_Data extract:_
Content starts

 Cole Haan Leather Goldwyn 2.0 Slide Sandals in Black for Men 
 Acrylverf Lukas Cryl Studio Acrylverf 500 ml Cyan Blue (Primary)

Content ends
Content starts

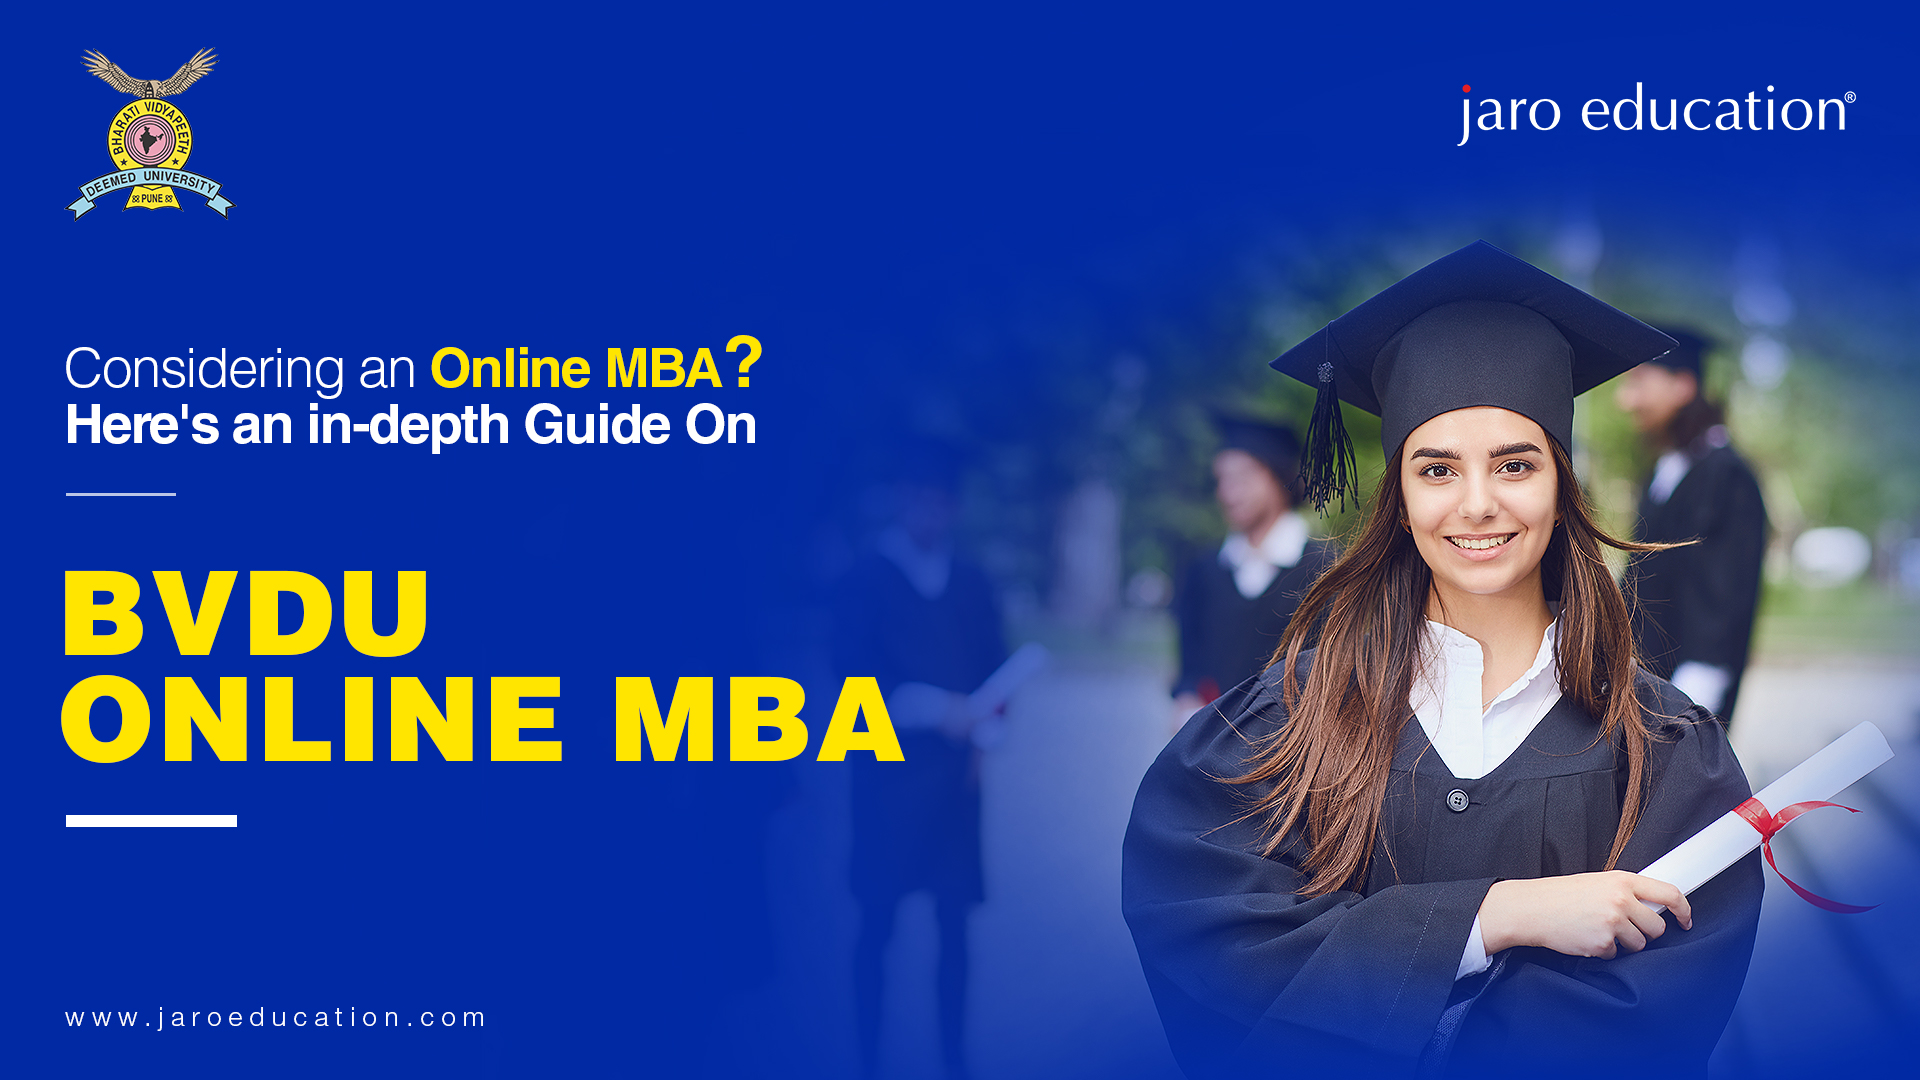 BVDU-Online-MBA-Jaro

Content ends
Content starts

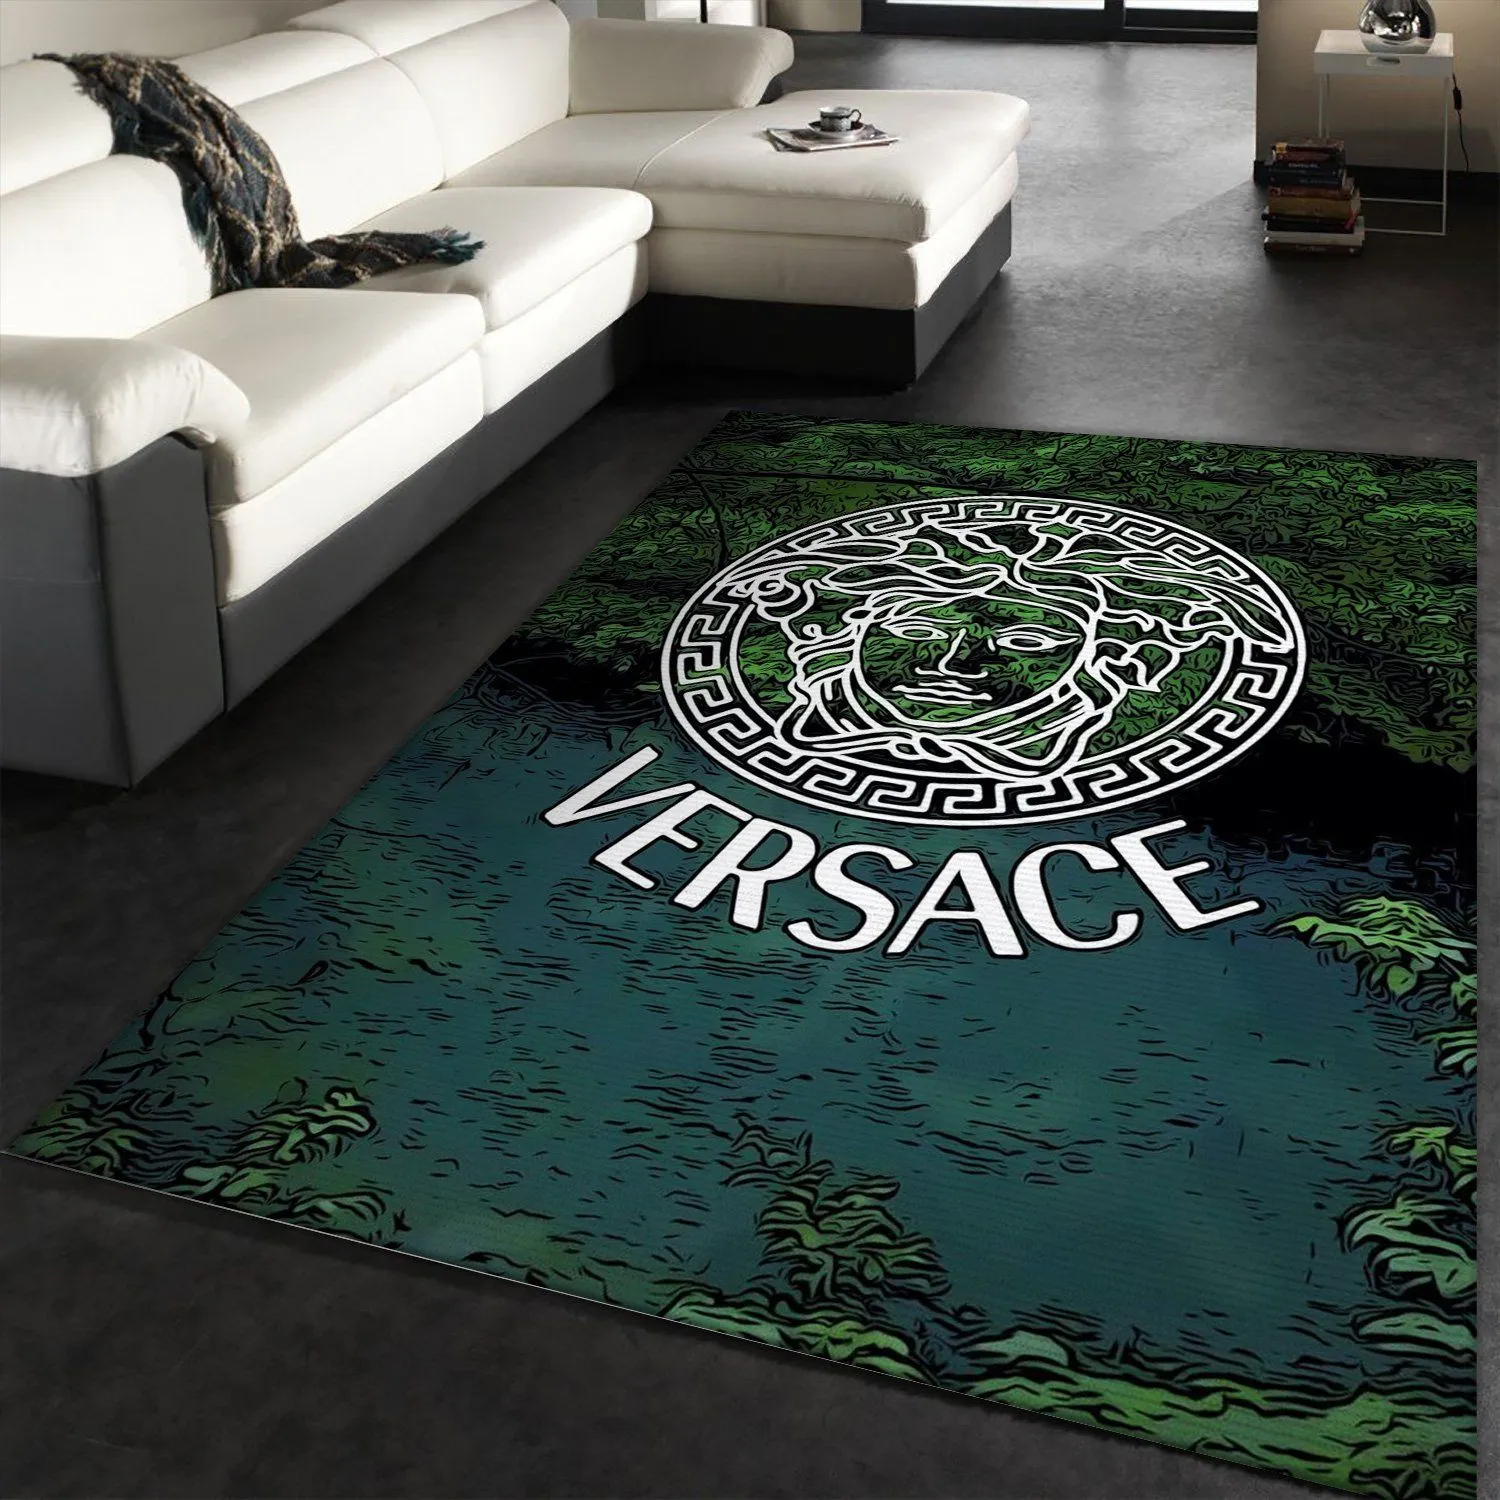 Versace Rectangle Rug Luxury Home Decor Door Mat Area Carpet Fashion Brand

Content ends

_Task instructions:_ All lines above from the one containing "Cole Haan Leather" to the one containing "Acrylverf Lukas Cryl" must be repeated exactly, both lines included, and no others.

_Output for this exercise:_
 Cole Haan Leather Goldwyn 2.0 Slide Sandals in Black for Men 
 Acrylverf Lukas Cryl Studio Acrylverf 500 ml Cyan Blue (Primary)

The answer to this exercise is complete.